*Directions*: In your copy, leave out the pictures and output only the lines from the one holding "consumer-reports-names-tesla-the-top-american-car-brand" through the end of the data below, exactly.

*Data extract*:
────────────────────────────────────────
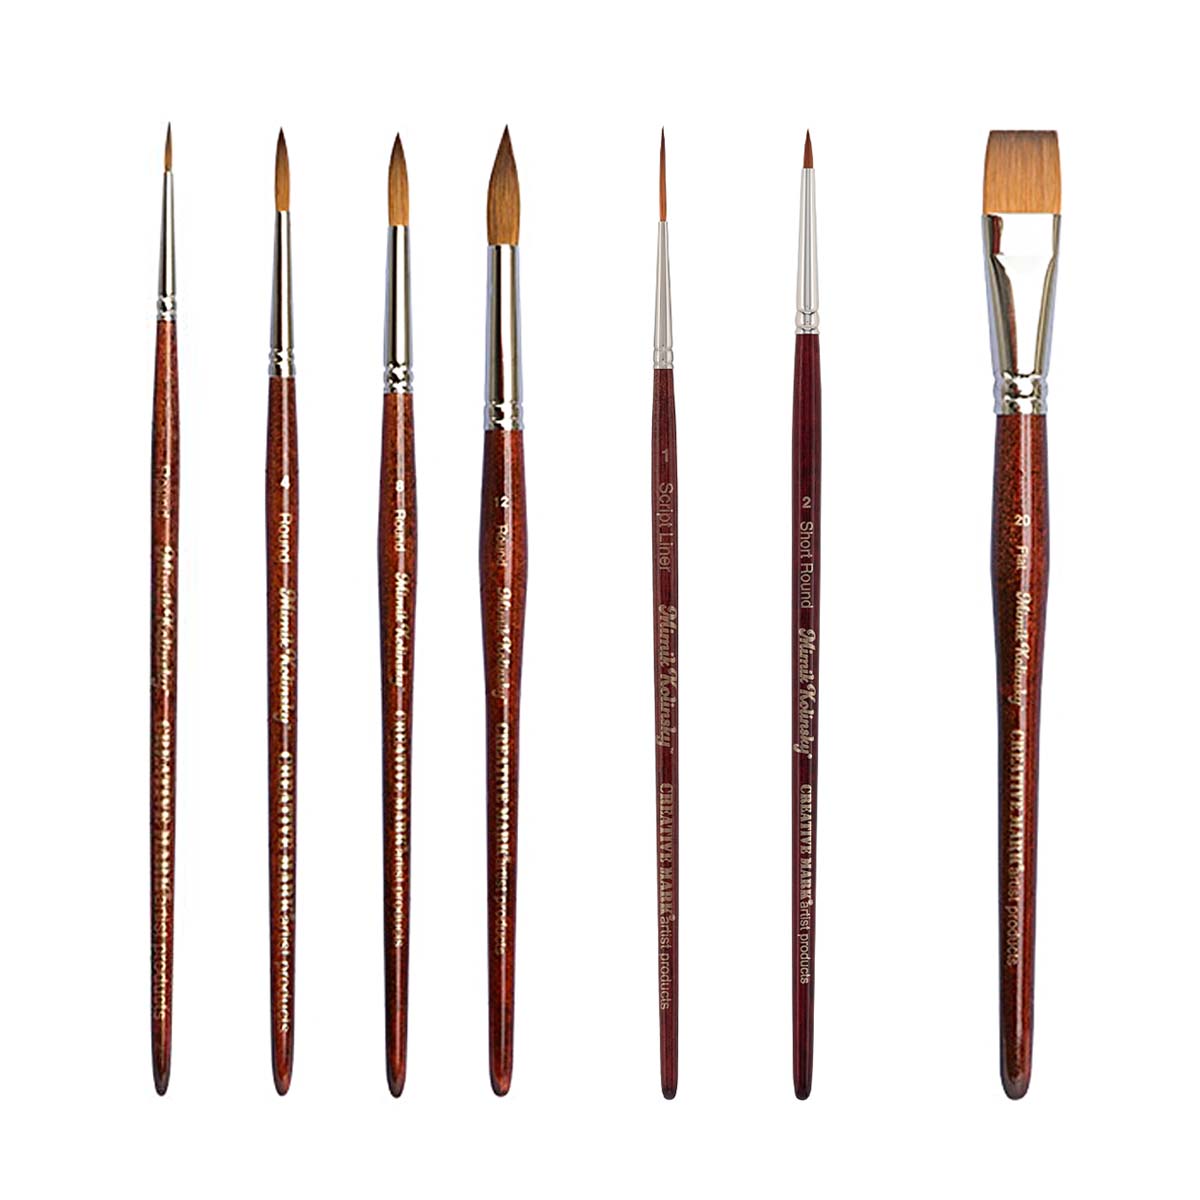 A Quick Update on Kolinsky Sable Brushes
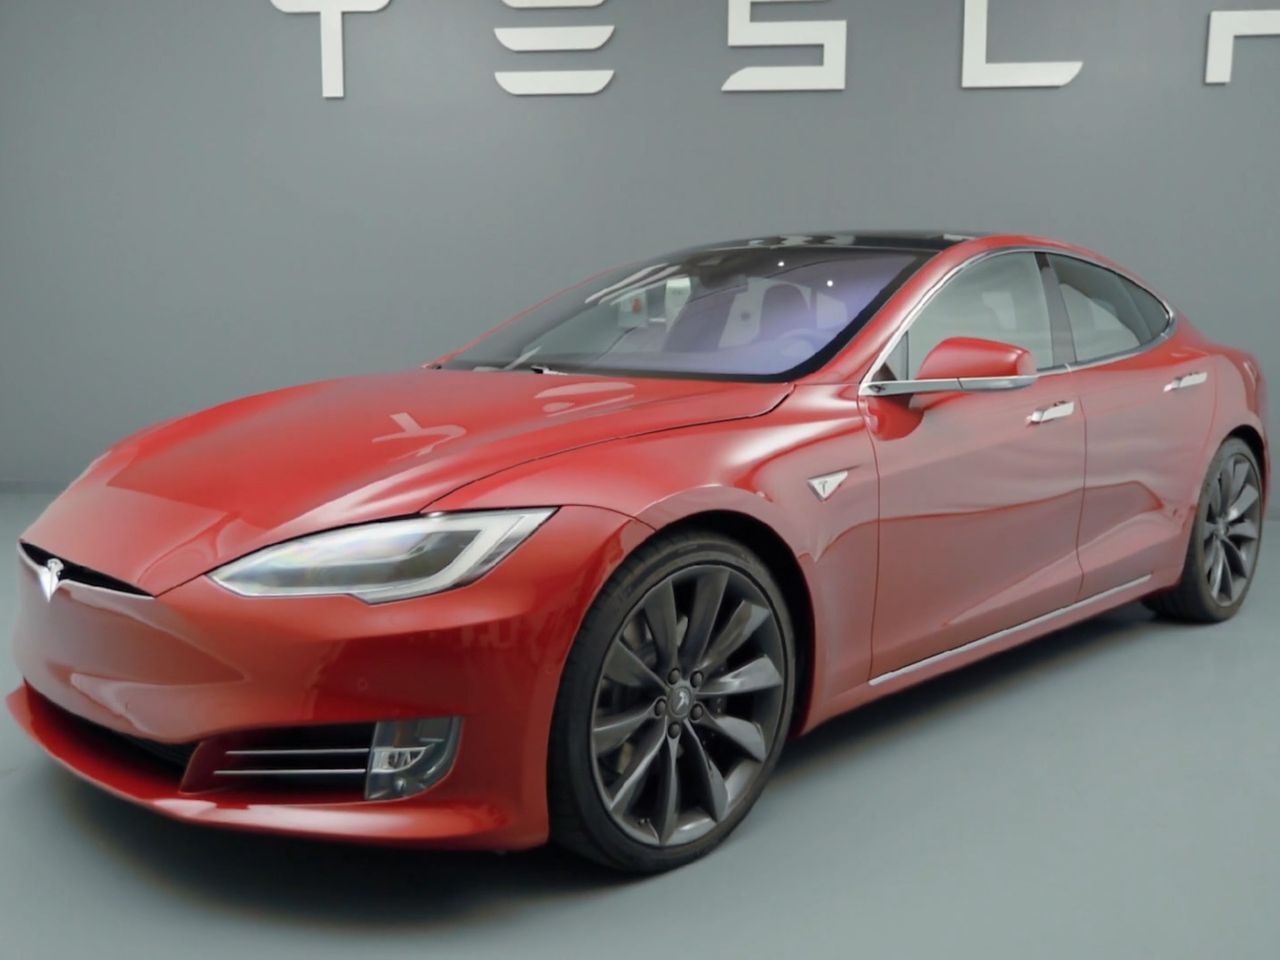 consumer-reports-names-tesla-the-top-american-car-brand
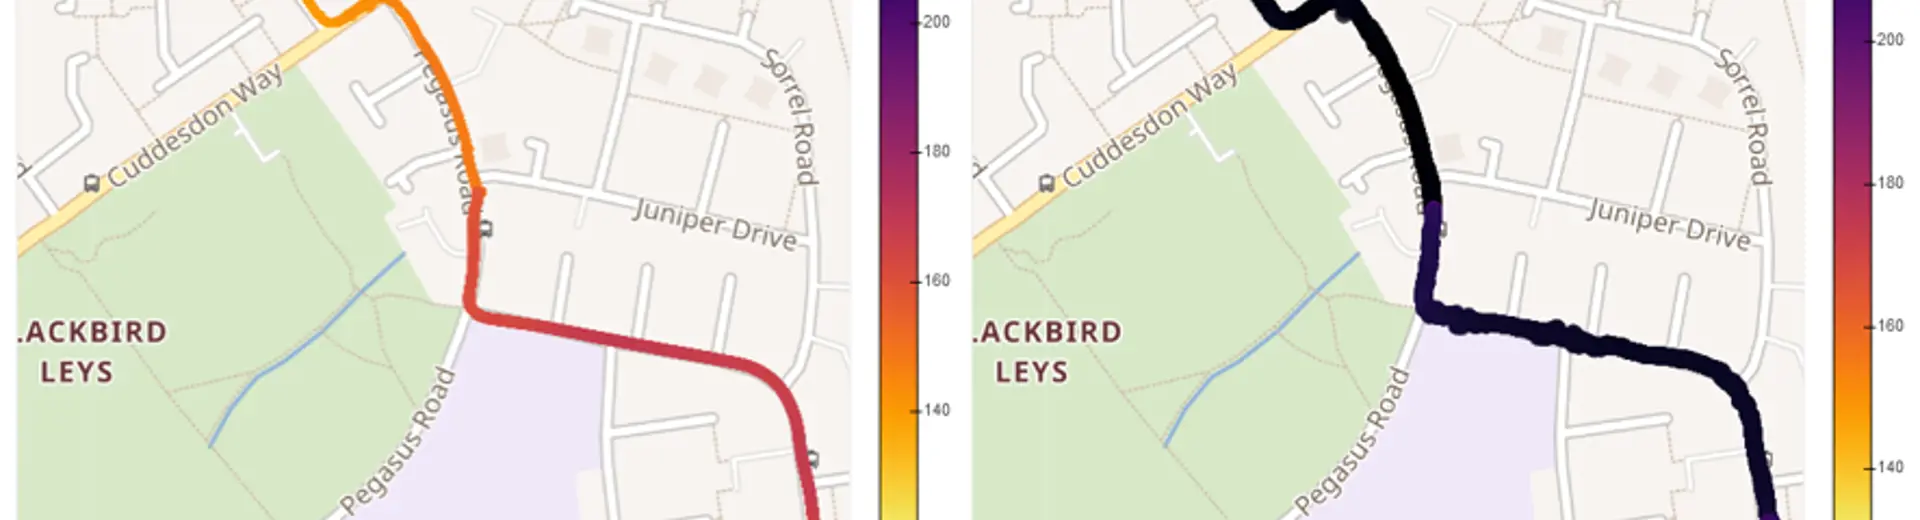 4 maps of Blackbird Leys with different information overlaid on one main road
────────────────────────────────────────
*Result for this exercise*:
 consumer-reports-names-tesla-the-top-american-car-brand
 4 maps of Blackbird Leys with different information overlaid on one main road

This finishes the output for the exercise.